Note: A real bus is much more complicated and needs a few other signals (eg for direction of transfer, for collision avoidance, for "I/O port or physical memory", etc); and modern buses use serial lanes and not parallel wires; and modern systems use "point to point links" and not "common bus shared by all the things".

3. The websites I visited said lock any shared memory. does this mean that during this lock period the whole RAM is locked or just the memory page(or part of memory not all of it) that the instruction is performed on.

It's better to say that the bus is locked; where everything has to use the bus to access memory (and nothing else can use the bus when the bus is locked, even when something else is trying to use the bus for something that has nothing to do with memory - eg to send an IRQ to a CPU).

Of course (due to aggressive performance optimizations - primarily the "if the cache line can be put in the exclusive state instead" optimization) it's even better to say that the hardware can do anything it feels like as long as the result behaves as if there's a shared bus that was locked (even if there isn't a shared bus and nothing was actually locked).
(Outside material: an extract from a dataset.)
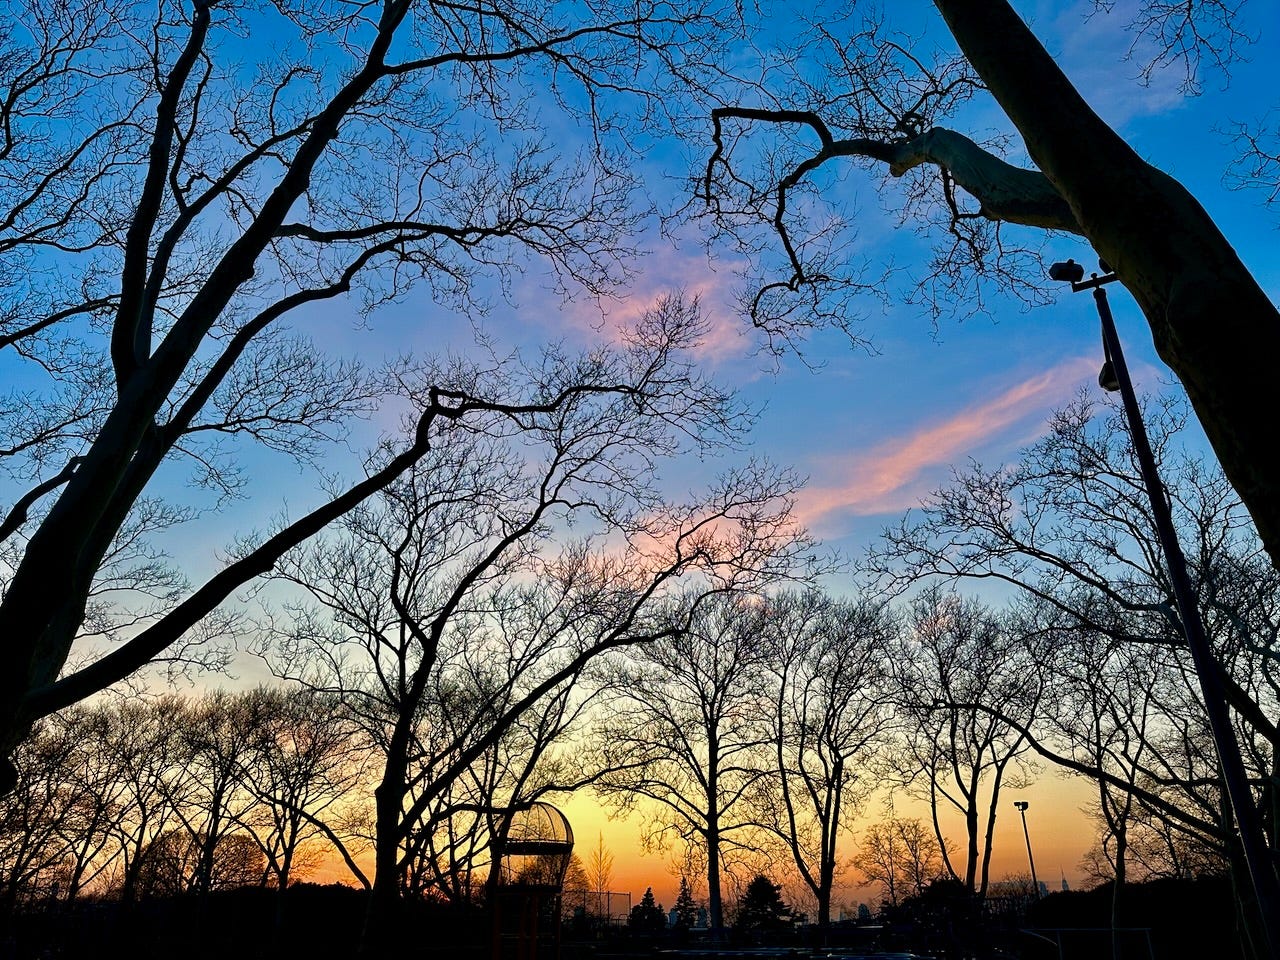 Sunset at the Grover Cleveland Park, Ridgewood (Photo: Elke Nominikat)

Note: 80x86 supports misaligned accesses (eg you can lock inc dword [address] where the access can straddle a boundary), where if a memory access does straddle a boundary the CPU needs to combine 2 or more pieces (eg a few bytes from the end of one cache line and a few bytes from the start of the next cache line). Modern virtual memory means that if the virtual address straddles a page boundary the CPU needs to access 2 different virtual pages which may have "extremely unrelated" physical addresses. If a theoretical CPU tried to implement independent locks (a different lock for each memory area) then it would also need to support asserting multiple lock signals. This can cause deadlocks - eg one CPU locks "memory page 1" then tries to lock "memory page 2" (and can't because it's locked); while another CPU locks "memory page 2" then tries to lock "memory page 1" (and can't because it's locked). To fix that the theoretical CPU would have to use "global lock ordering" - always assert locks in a specific order. The end result would be a significant amount of complexity (where it's likely that the added complexity costs more performance than it saves).